● What is needed
An exact copy, beginning at the line containing "For your consideration" and ending at the final line of the records that follow, is the answer; it has no pictures and no other text.

Extracted records:

※

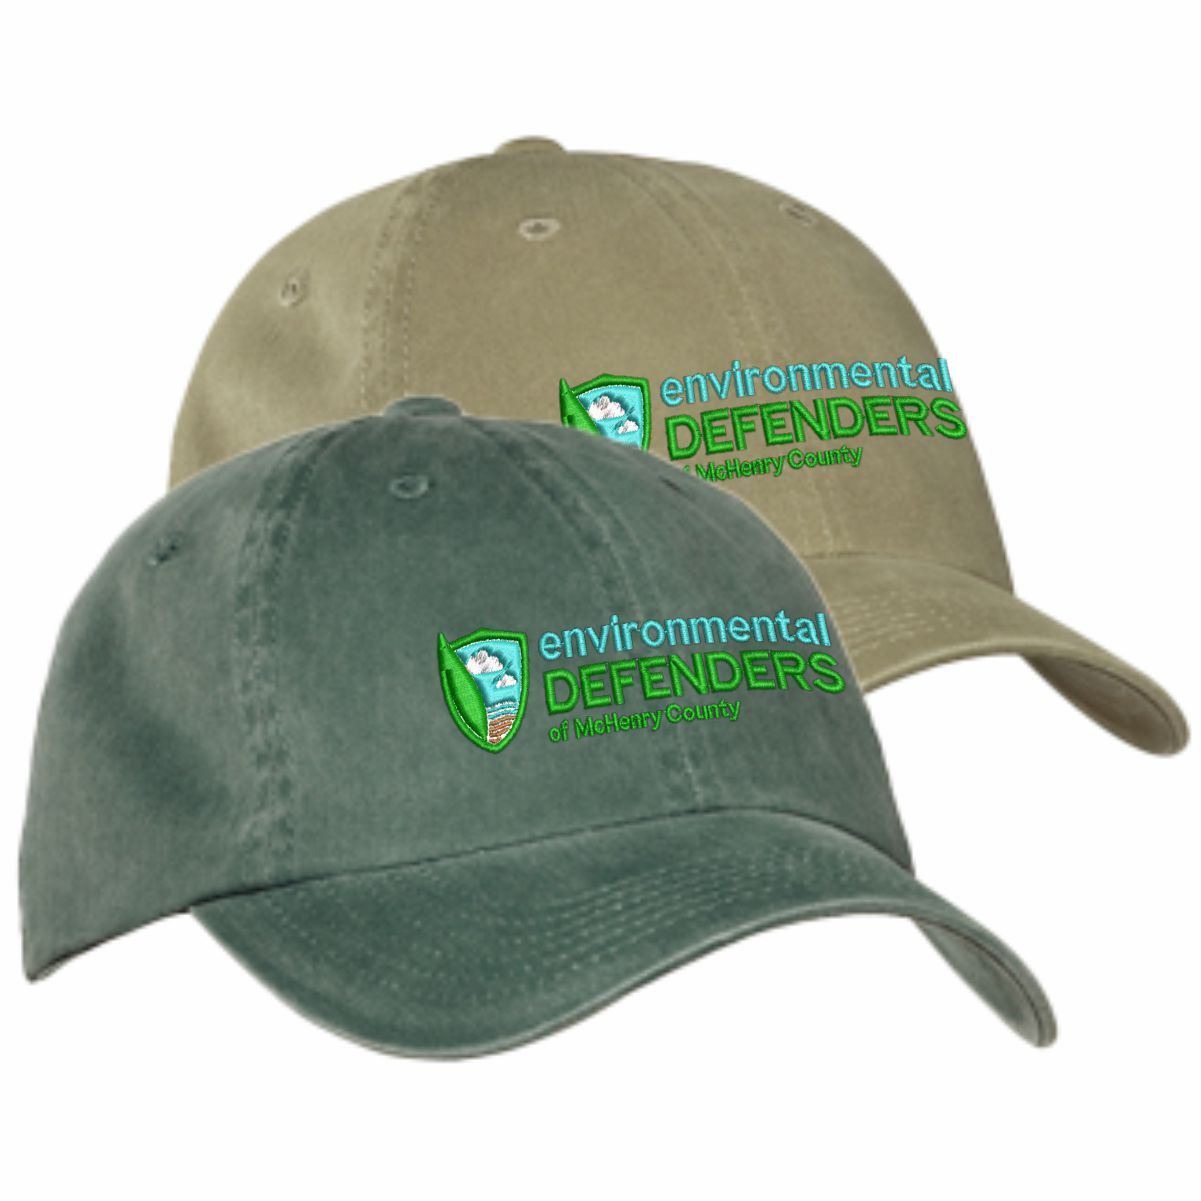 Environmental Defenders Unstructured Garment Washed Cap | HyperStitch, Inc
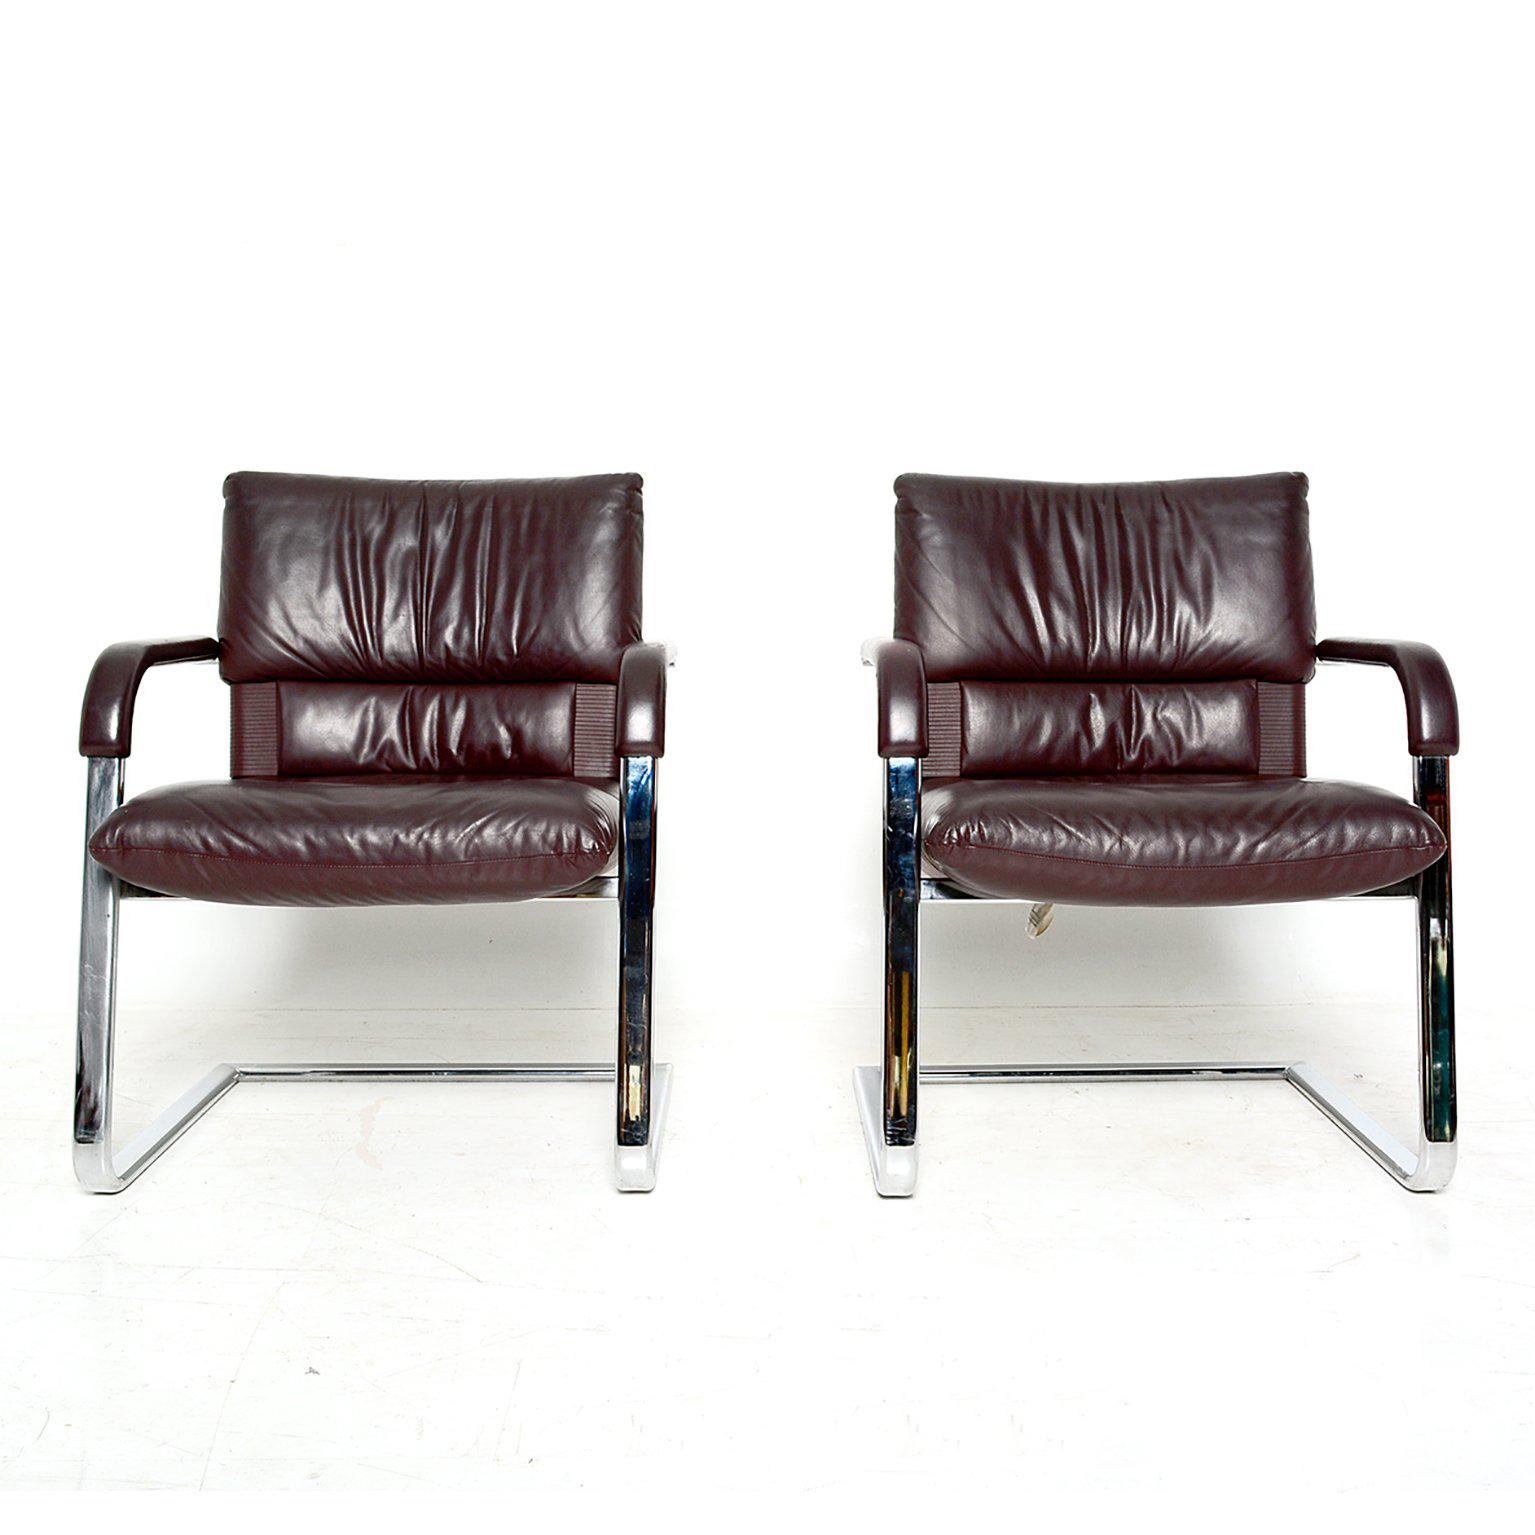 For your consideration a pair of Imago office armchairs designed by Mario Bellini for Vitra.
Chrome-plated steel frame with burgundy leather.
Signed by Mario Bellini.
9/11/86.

※

● Solution for this exercise
 For your consideration a pair of Imago office armchairs designed by Mario Bellini for Vitra.
Chrome-plated steel frame with burgundy leather.
Signed by Mario Bellini.
9/11/86.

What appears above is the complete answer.